If you would like to add this Cash Ratio widget to your site, please copy and paste the code above onto your website.

#### Cash Ratio Calculation Examples

Company A

Cash: \$50,000
Treasury Bills: \$10,000
Marketable Securities: \$5,000
Total Current Liabilities: \$70,000

Cash Ratio = (50,000+10,000+5,000)/70,000 = 0.93

Company A Cash Ratio = 0.93

Company B

Cash: \$100,000
Treasury Bills: \$60,000
Marketable Securities: \$0.00
Total Current Liabilities: \$150,000

Cash Ratio = (100,000+60,000)/150,000 = 1.07

Company B Cash Ratio = 1.07

### Cash Ratio Definition

Cash ratio is a company’s ratio of cash and cash equivalents to its total current liabilities. This formula is most often used to gauge a business’ liquidity. Potential investors or creditors frequently look to cash ratio when determining a company’s capacity to repay debts—including how much it could feasibly repay, and how much time it would need to do so.

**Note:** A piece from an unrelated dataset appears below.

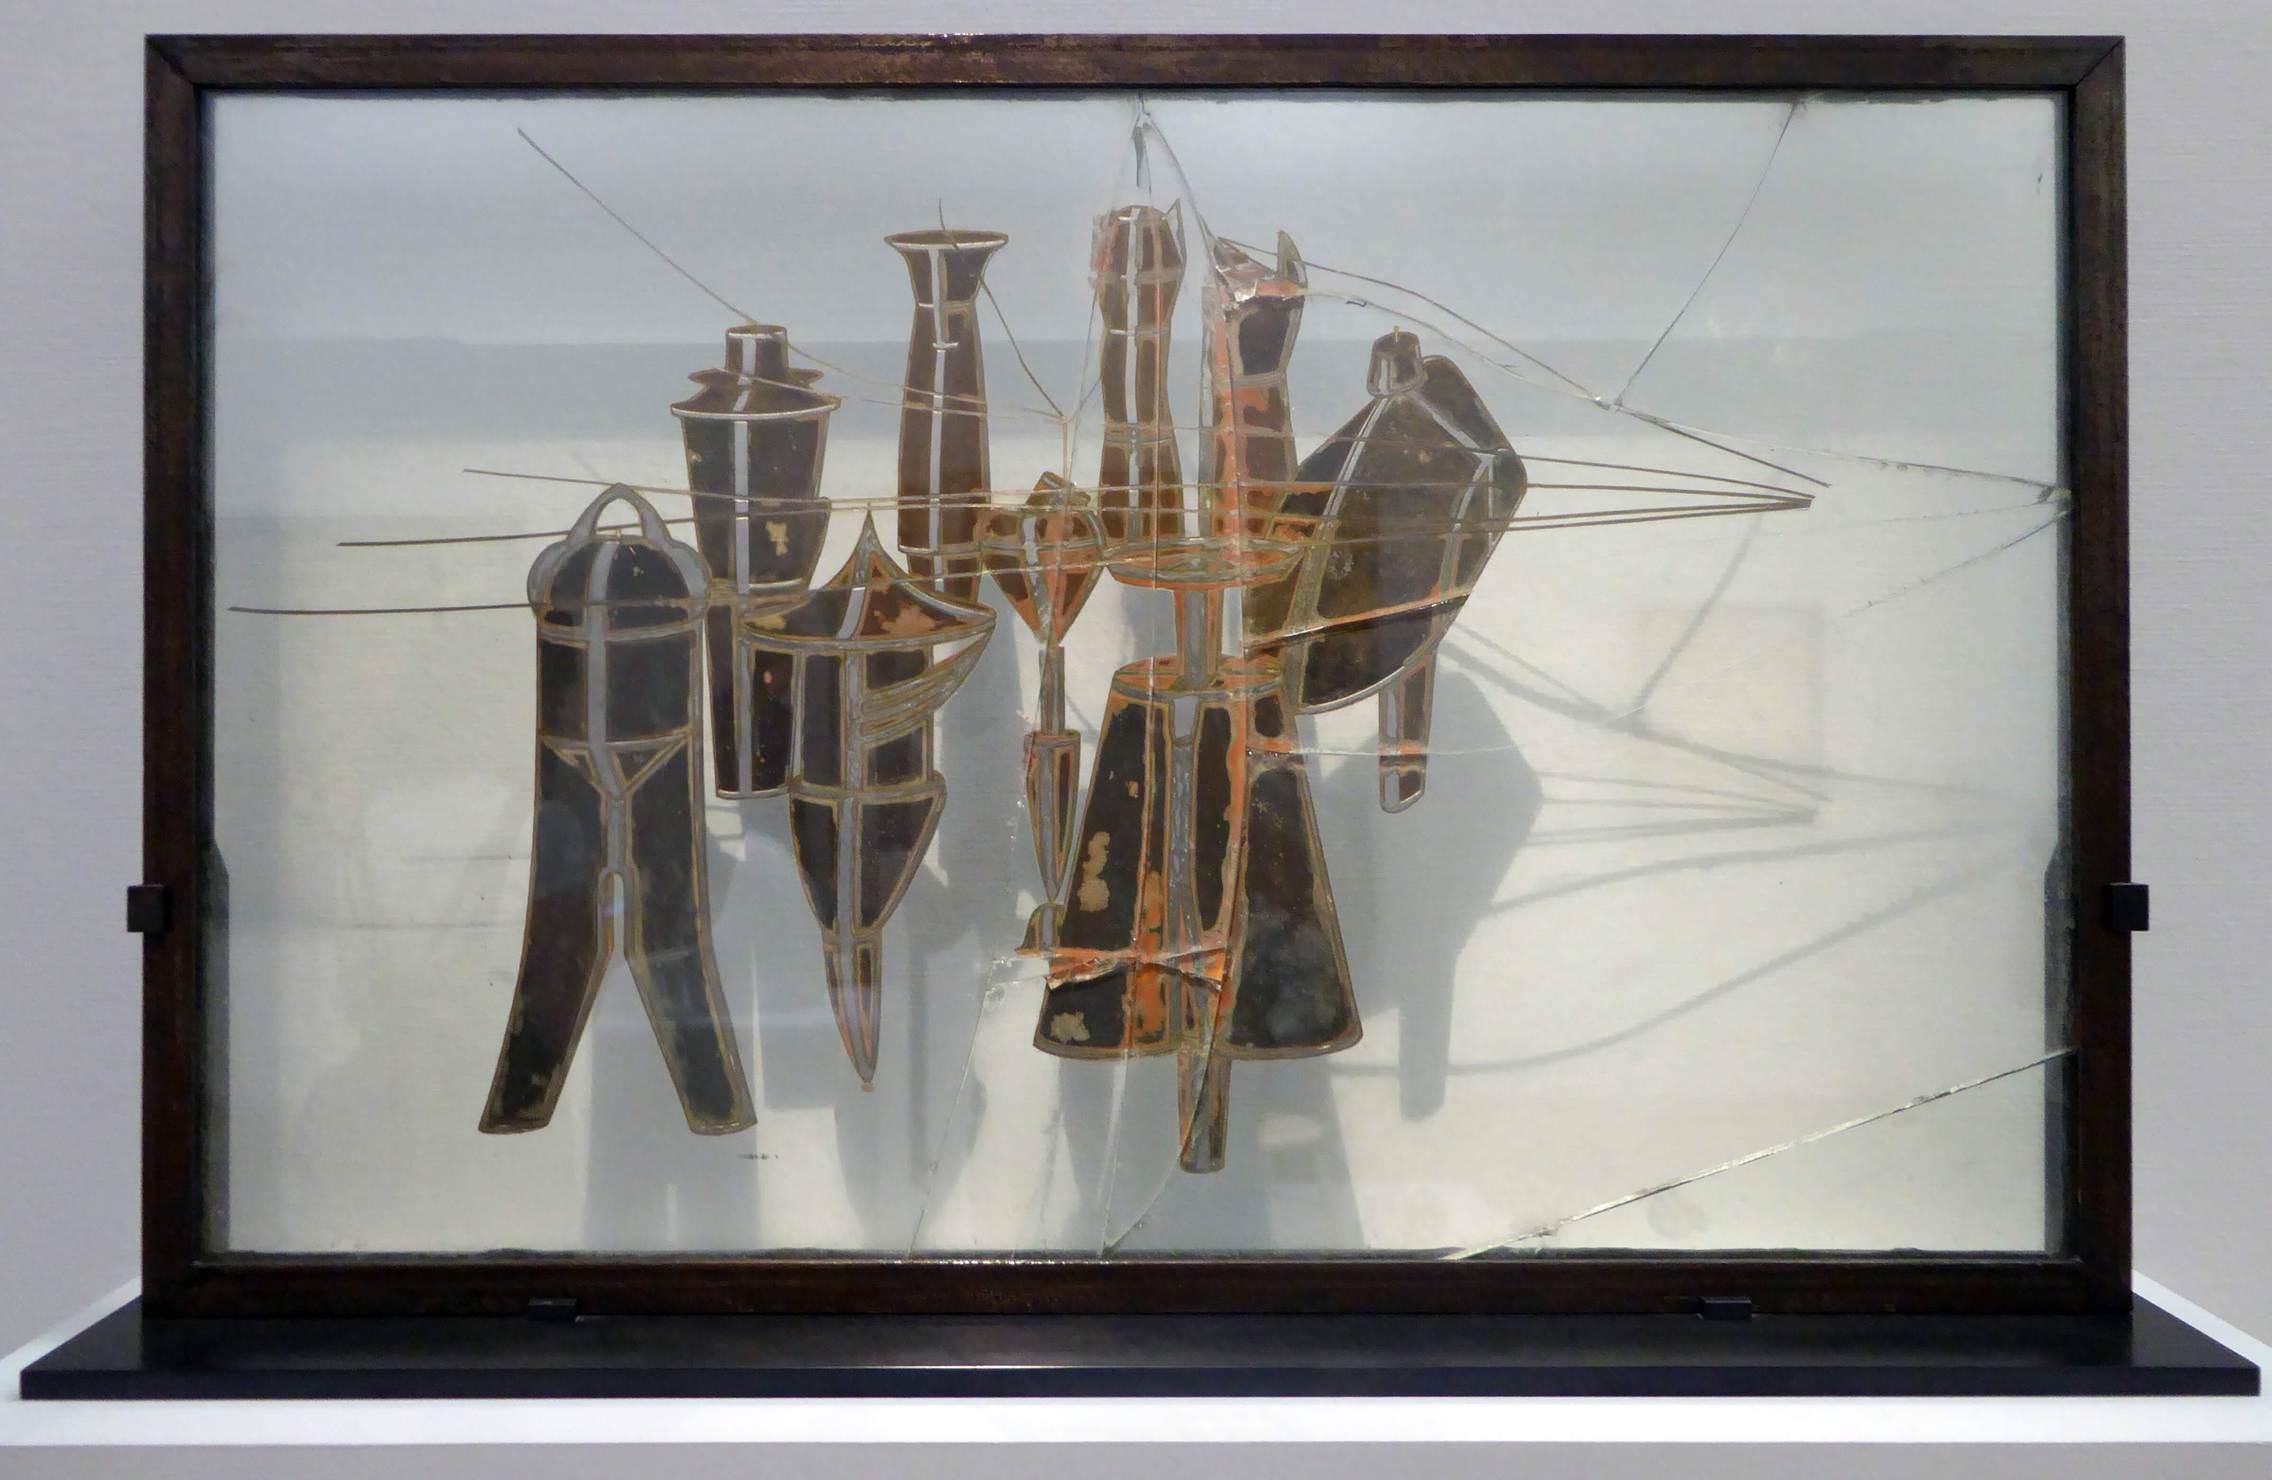 2272x1480 Marcel Duchamp - Chín Khuôn mẫu Malic.  Trung tâm Pompidu, Paris

• Important Note: Cash ratio is known as an extreme assets ratio, since only immediate cash and cash equivalents are measured. Because accounts receivable and inventory are not included in this equation, cash ratio should only be used as a contributing tool in estimating a company’s total monetary worth.
• Cash Equivalents: Cash equivalents are assets that can be converted to cash immediately when and if necessary. Examples include—but are not limited to—treasury bills and marketable securities.

#### Useful Info

Most creditors and financial experts consider cash ratios of 1.00 and higher as representative of the optimal range. This ratio level indicates a company’s likelihood of being able to pay its current liabilities within an acceptable period of time.

Typical businesses, however, will commonly have a cash ratio of slightly less than 1.00. This is due to the fact that companies do not generally maintain cash and cash equivalents numbers which equal or exceed their liabilities—as existing idle funds can be utilized to generate more business or revenue.